• _Problem to solve_
Please copy, with no word changed, only the run of lines that opens with the line containing "ALFAGEME, Braulio - Europa: Cambios" and closes with the last line below.

**** Given entries ****

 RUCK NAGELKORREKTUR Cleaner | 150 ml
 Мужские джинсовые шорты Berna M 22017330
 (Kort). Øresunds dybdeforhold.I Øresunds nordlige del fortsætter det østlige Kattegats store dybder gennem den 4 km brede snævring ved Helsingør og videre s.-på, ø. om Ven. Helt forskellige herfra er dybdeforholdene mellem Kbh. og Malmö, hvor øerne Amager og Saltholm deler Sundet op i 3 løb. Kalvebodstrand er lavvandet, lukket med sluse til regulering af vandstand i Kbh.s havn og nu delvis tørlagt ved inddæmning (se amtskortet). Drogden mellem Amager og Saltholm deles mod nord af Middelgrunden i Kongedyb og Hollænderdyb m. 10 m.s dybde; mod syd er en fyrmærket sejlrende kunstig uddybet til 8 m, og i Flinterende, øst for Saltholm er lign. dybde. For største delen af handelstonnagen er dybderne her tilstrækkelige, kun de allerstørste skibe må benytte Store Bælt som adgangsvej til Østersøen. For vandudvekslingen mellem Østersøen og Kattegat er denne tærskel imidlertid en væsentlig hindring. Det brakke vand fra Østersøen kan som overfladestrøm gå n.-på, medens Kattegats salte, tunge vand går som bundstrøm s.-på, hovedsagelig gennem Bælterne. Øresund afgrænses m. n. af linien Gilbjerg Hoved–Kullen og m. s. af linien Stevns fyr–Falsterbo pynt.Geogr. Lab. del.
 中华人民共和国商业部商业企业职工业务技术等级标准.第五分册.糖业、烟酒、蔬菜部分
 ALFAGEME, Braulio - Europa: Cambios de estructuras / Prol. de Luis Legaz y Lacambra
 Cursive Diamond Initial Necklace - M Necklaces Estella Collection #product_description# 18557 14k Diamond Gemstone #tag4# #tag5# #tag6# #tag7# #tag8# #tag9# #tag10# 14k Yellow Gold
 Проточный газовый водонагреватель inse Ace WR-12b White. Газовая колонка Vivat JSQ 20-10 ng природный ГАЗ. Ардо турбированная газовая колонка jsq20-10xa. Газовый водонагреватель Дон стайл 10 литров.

****

• _Final answer_
 ALFAGEME, Braulio - Europa: Cambios de estructuras / Prol. de Luis Legaz y Lacambra
 Cursive Diamond Initial Necklace - M Necklaces Estella Collection #product_description# 18557 14k Diamond Gemstone #tag4# #tag5# #tag6# #tag7# #tag8# #tag9# #tag10# 14k Yellow Gold
 Проточный газовый водонагреватель inse Ace WR-12b White. Газовая колонка Vivat JSQ 20-10 ng природный ГАЗ. Ардо турбированная газовая колонка jsq20-10xa. Газовый водонагреватель Дон стайл 10 литров.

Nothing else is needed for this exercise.